You can automate most of the process using Terraform scripts, Ansible playbooks, Shell and RMAN scripts which are described in the Deploy section of this reference architecture.

The following diagram illustrates a sample deployment topology for the Cyber Recovery Tenancy.
Description of oci_cyber_recovery_deploy.png follows
Description of the illustration oci_cyber_recovery_deploy.png

oci-cyber-recovery-deploy-oracle.zip

In this example, we are using the same IP ranges as production application VCN in EBS_BlueRoom and EBS_RedRoom. This approach has been chosen to allow automated testing of backups with minimal changes required to restore the application in EBS_RedRoom. This dictates the network design, where both EBS_BlueRoom VCN and EBS_RedRoom VCN cannot be connected to the DRG at the same time.

Segregation of tenancy ownership can be considered with:

  1. A dedicated team supporting the Cyber Recovery Tenancy (who does not have access to the Production Tenancy).

    and

  2. A production application support team with access only to the red room compartments during quarterly application testing exercise.

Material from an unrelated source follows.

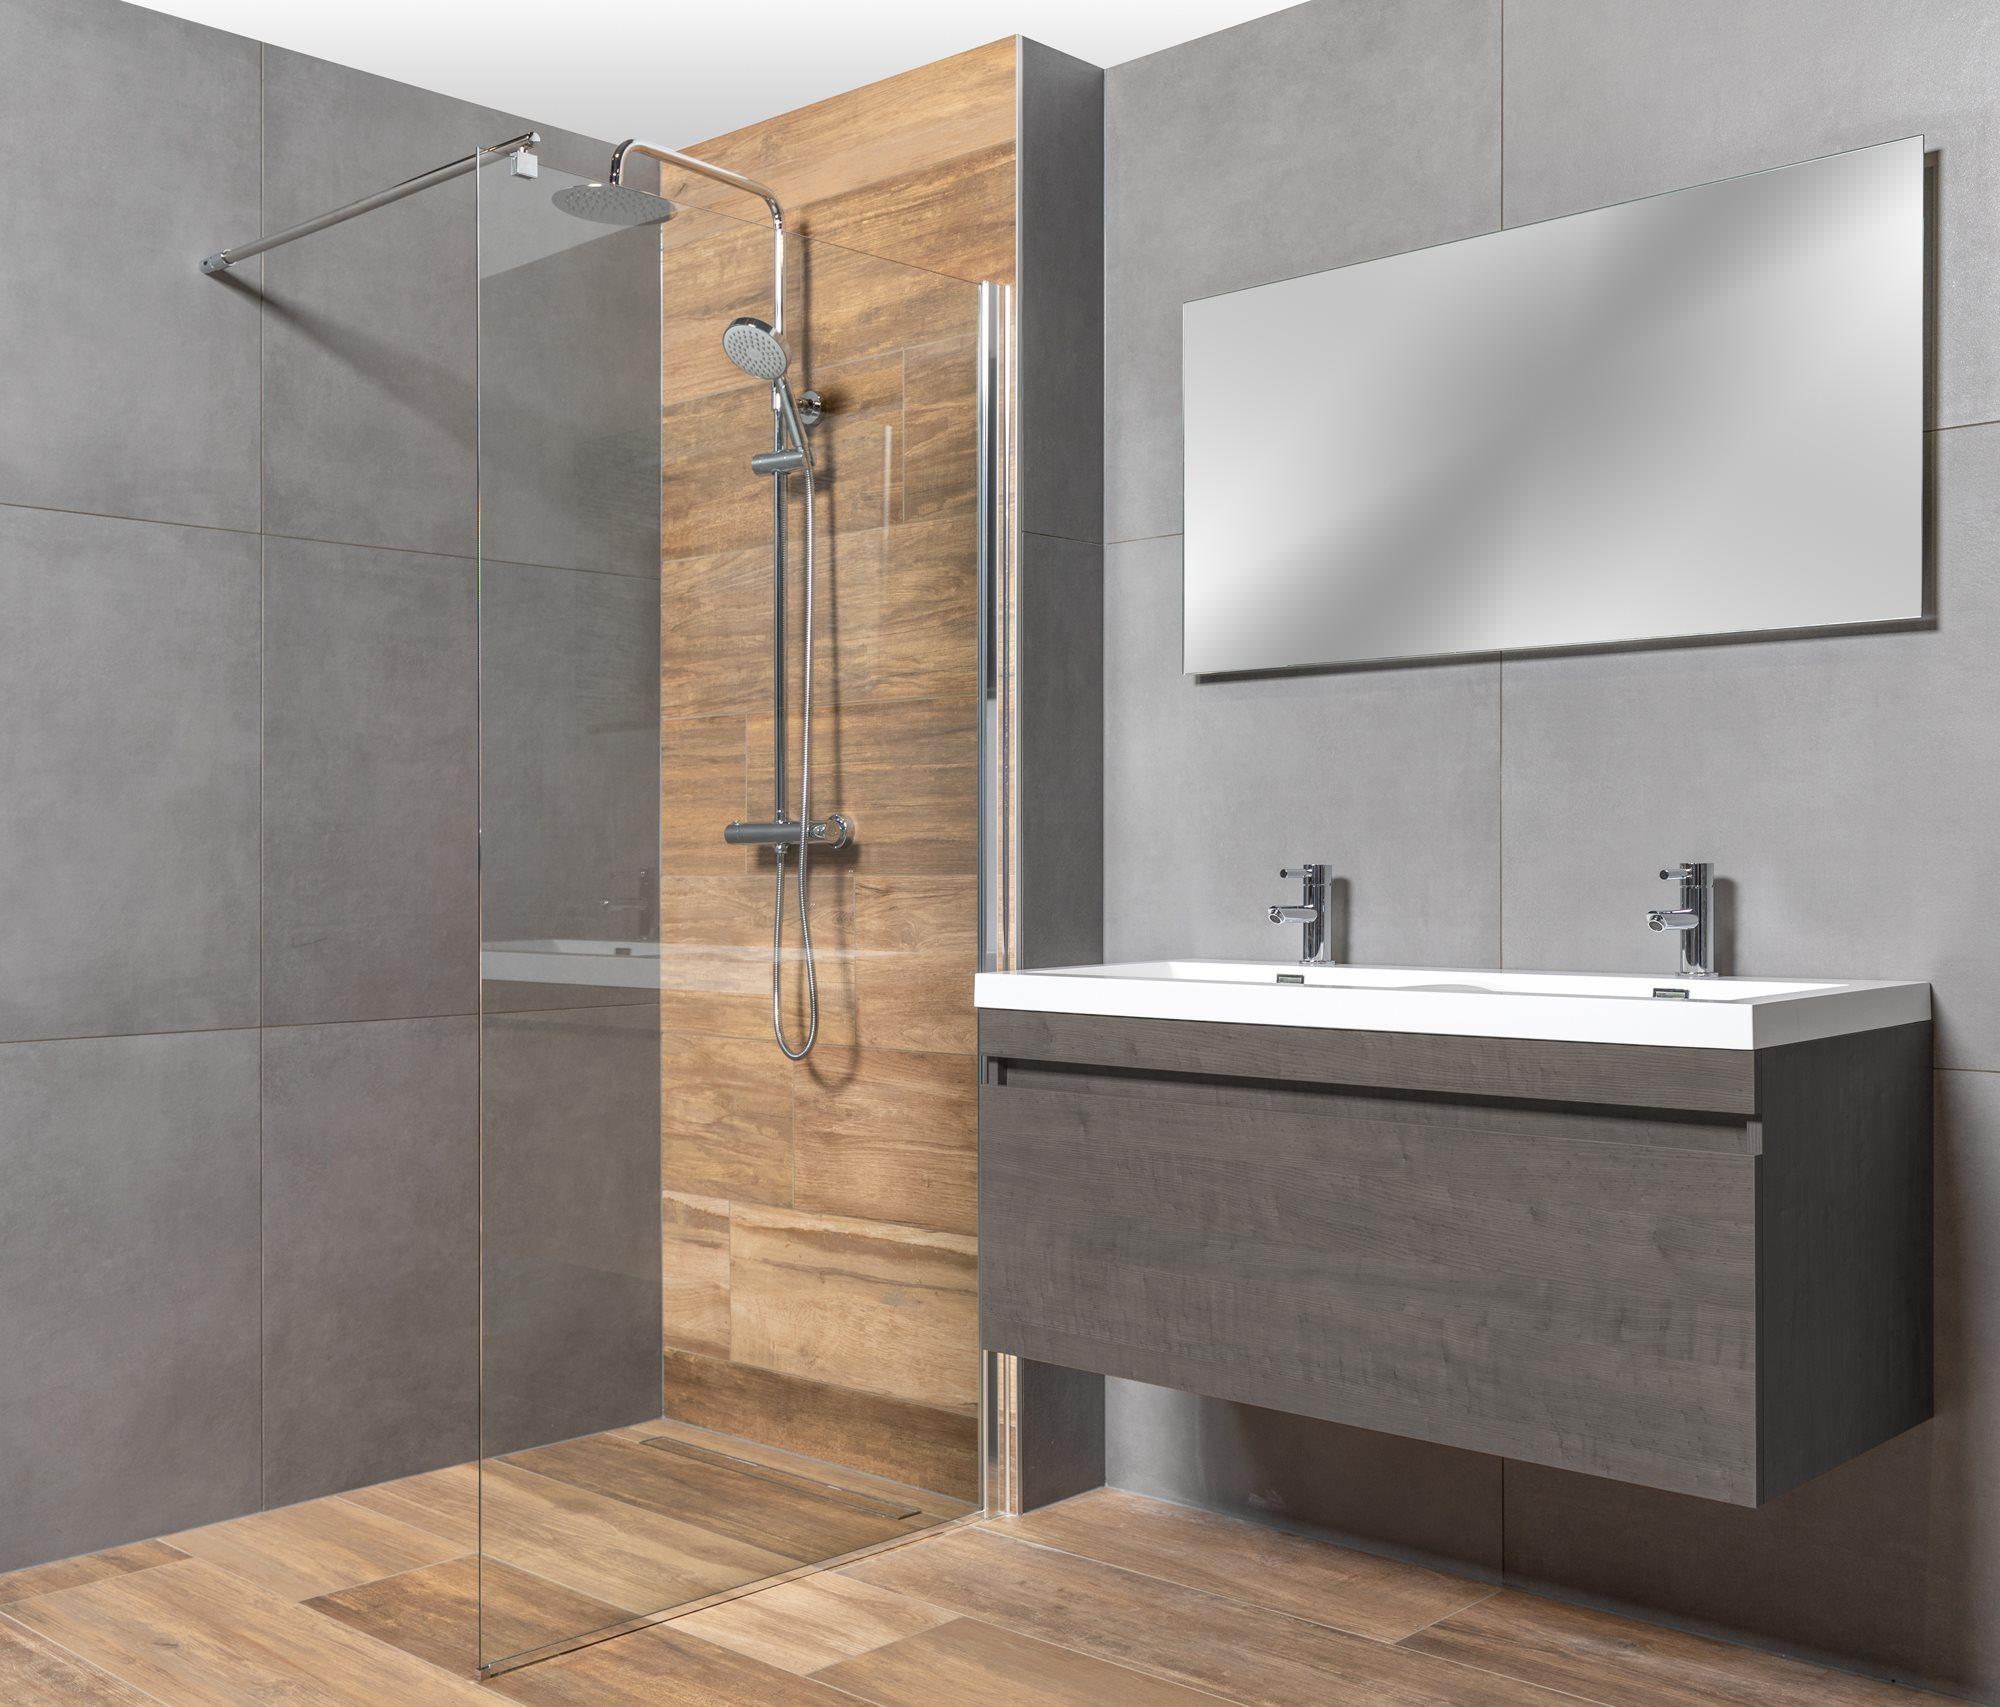 badkamer-houtlook-tegels-grijze-tegels.jpg

This team can access CRS network from the corporate on-premises network.

The architecture has the following components:

  • Tenancy

    A tenancy is a secure and isolated partition that Oracle sets up within Oracle Cloud when you sign up for Oracle Cloud Infrastructure. You can create, organize, and administer your resources in Oracle Cloud within your tenancy. A tenancy is synonymous with a company or organization. Usually, a company will have a single tenancy and reflect its organizational structure within that tenancy. A single tenancy is usually associated with a single subscription, and a single subscription usually only has one tenancy.

  • Region

    An Oracle Cloud Infrastructure region is a localized geographic area that contains one or more data centers, called availability domains. Regions are independent of other regions, and vast distances can separate them (across countries or even continents).

  • Compartment

    Compartments are cross-region logical partitions within an Oracle Cloud Infrastructure tenancy. Use compartments to organize your resources in Oracle Cloud, control access to the resources, and set usage quotas. To control access to the resources in a given compartment, you define policies that specify who can access the resources and what actions they can perform.

    Users (both local and federated) are added to one or more groups, which are in turn attached to IAM policies governing the access to the OCI assets per Compartment.

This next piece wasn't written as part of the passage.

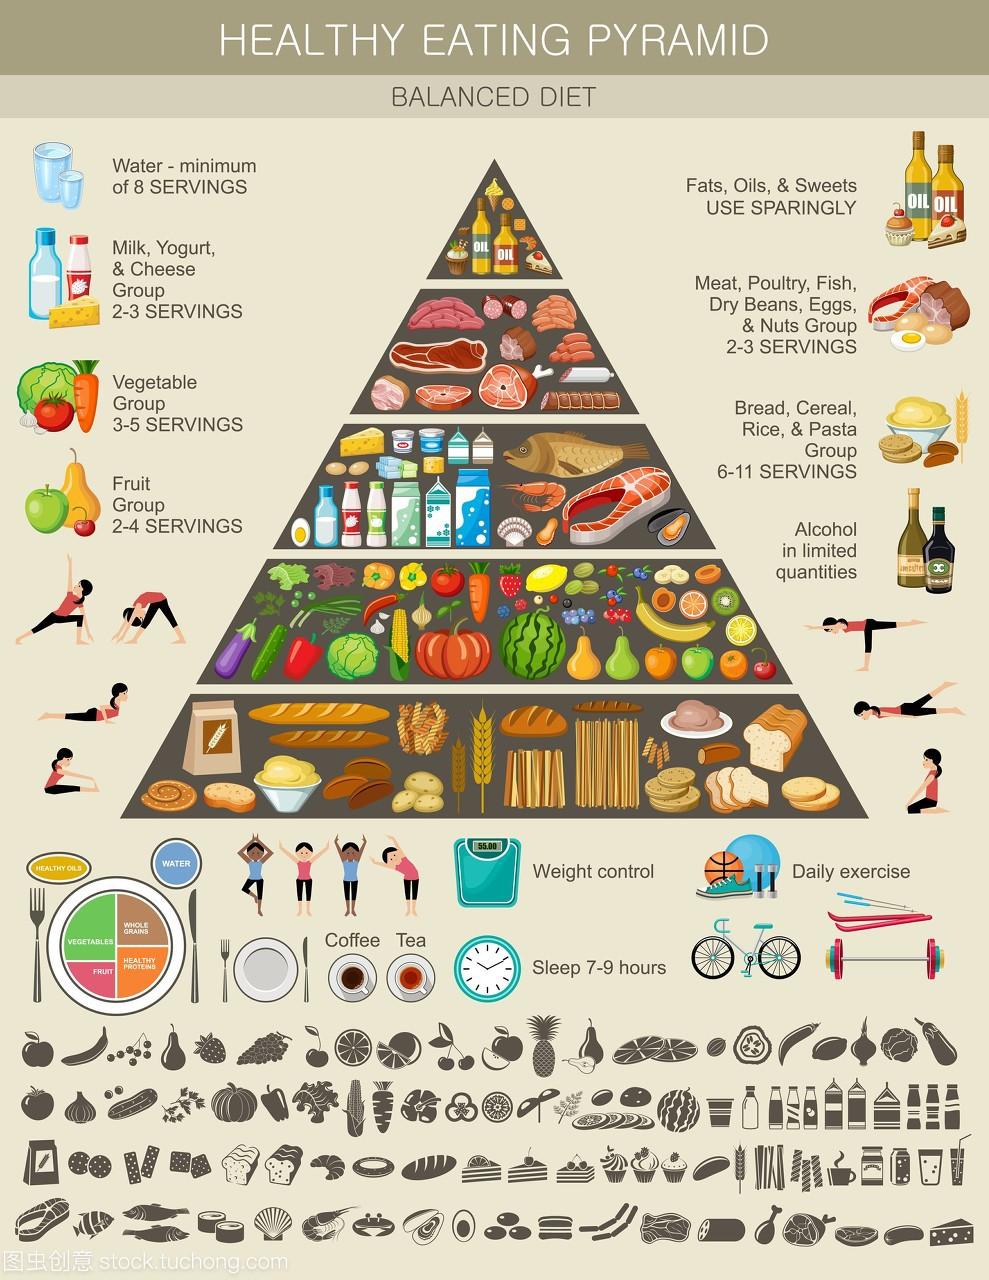 减肥,a饮食的,饮食,金字塔,内脏,食品,养生,节食,有营养墨鱼能吃图片

    Compartments provide the ability to organize and isolate resources in an Oracle Cloud Infrastructure tenancy. They will play an important role in setting a foundation for deploying new workloads into the tenancy. Although they may appear to have the nature of logical grouping of OCI resources, they serve as policy enforcements points, thus they have paramount importance with respect to the tenancy’s security.

    Compartments can be deployed according to a functional, operational or project hierarchy. This allows to maintain an isolation between resources for different roles, functions and organizational hierarchy. A compartment hierarchy can have up to 6 levels, based on the requirements. Access control is defined by policies.

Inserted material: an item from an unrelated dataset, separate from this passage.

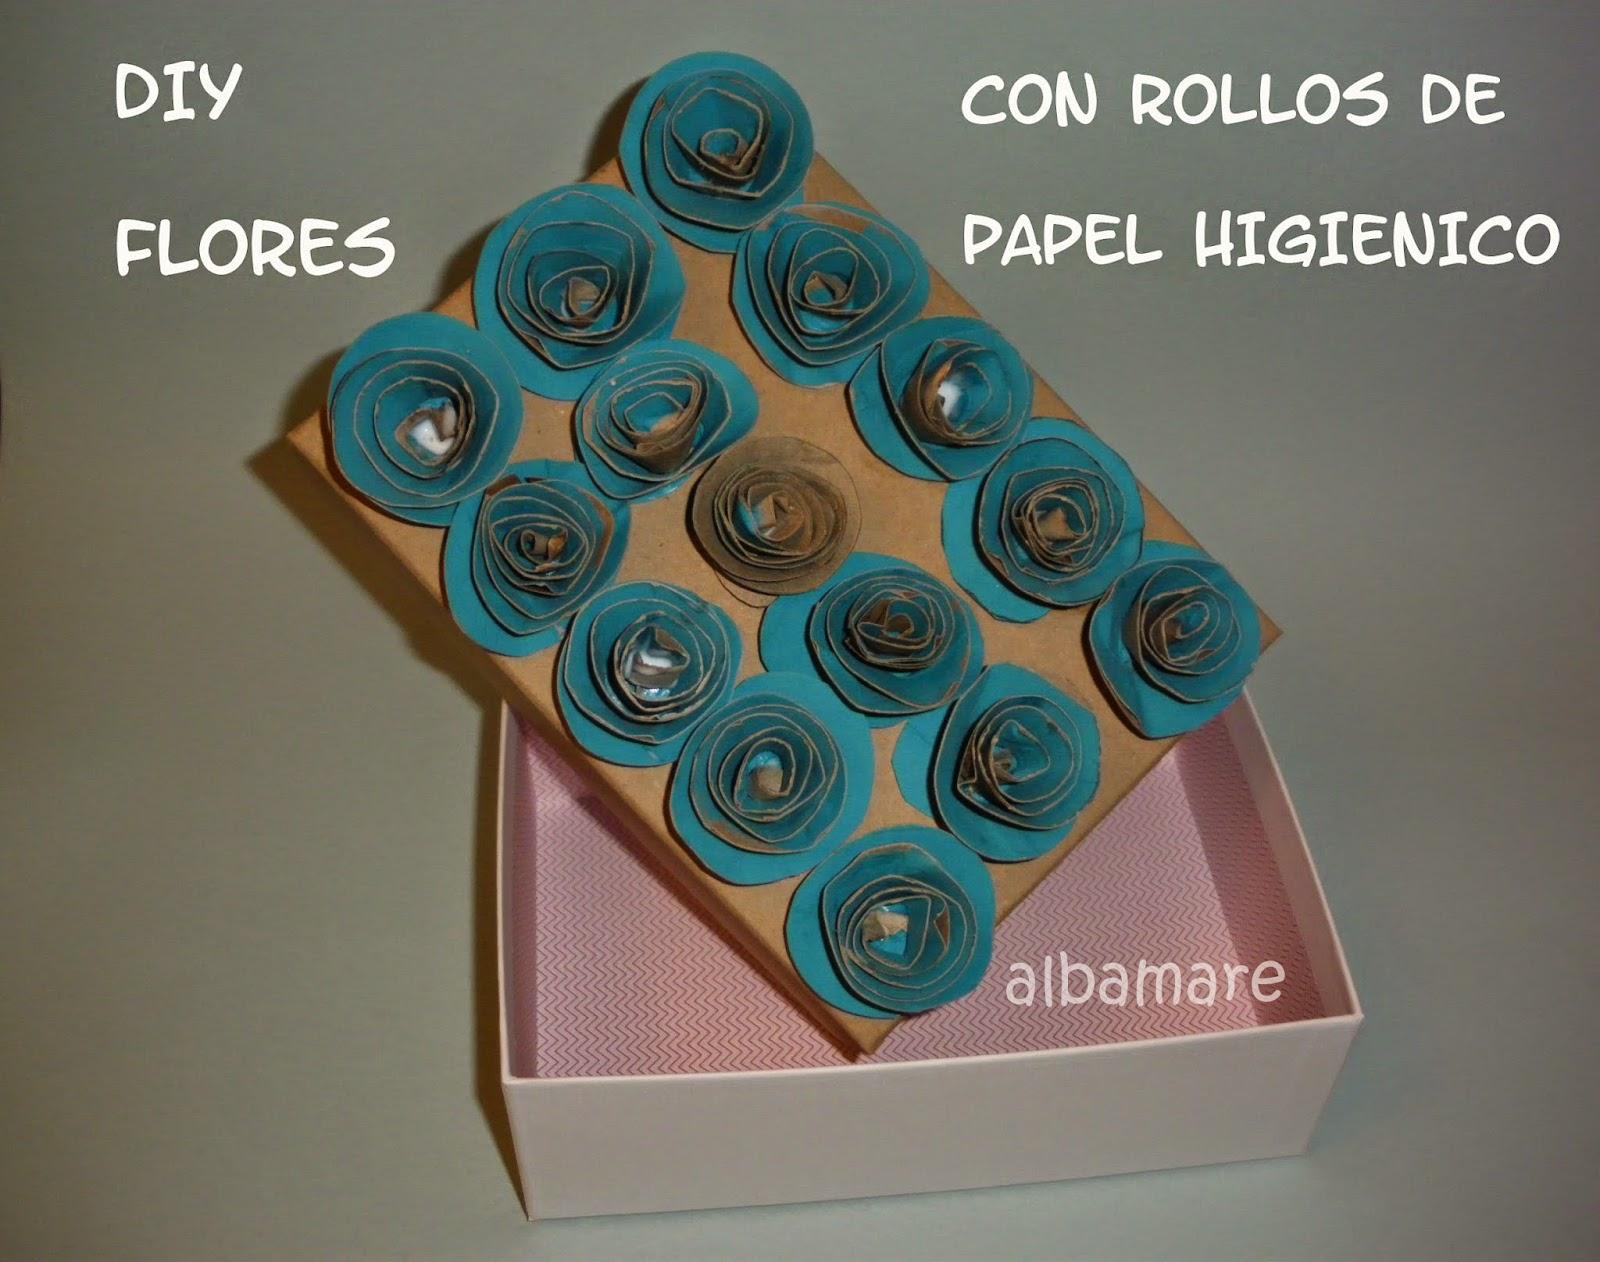 http://albamaremanualidades.blogspot.com/2015/05/diy-flores-con-rollos-de-papel.html

    Each compartment should have specific permissions assigned to the related groups. As a general rule, users will not be able to elevate their permissions to other compartments. The following Compartment hierarchy will be used in the Cyber Recovery Tenancy to provide separation of concerns between applications and environments.



    oci-cyber-recovery-compartments-oracle.zip

  • Availability domains

    Availability domains are standalone, independent data centers within a region. The physical resources in each availability domain are isolated from the resources in the other availability domains, which provides fault tolerance. Availability domains don’t share infrastructure such as power or cooling, or the internal availability domain network. So, a failure at one availability domain is unlikely to affect the other availability domains in the region.

  • Fault domains

    A fault domain is a grouping of hardware and infrastructure within an availability domain. Each availability domain has three fault domains with independent power and hardware. When you distribute resources across multiple fault domains, your applications can tolerate physical server failure, system maintenance, and power failures inside a fault domain.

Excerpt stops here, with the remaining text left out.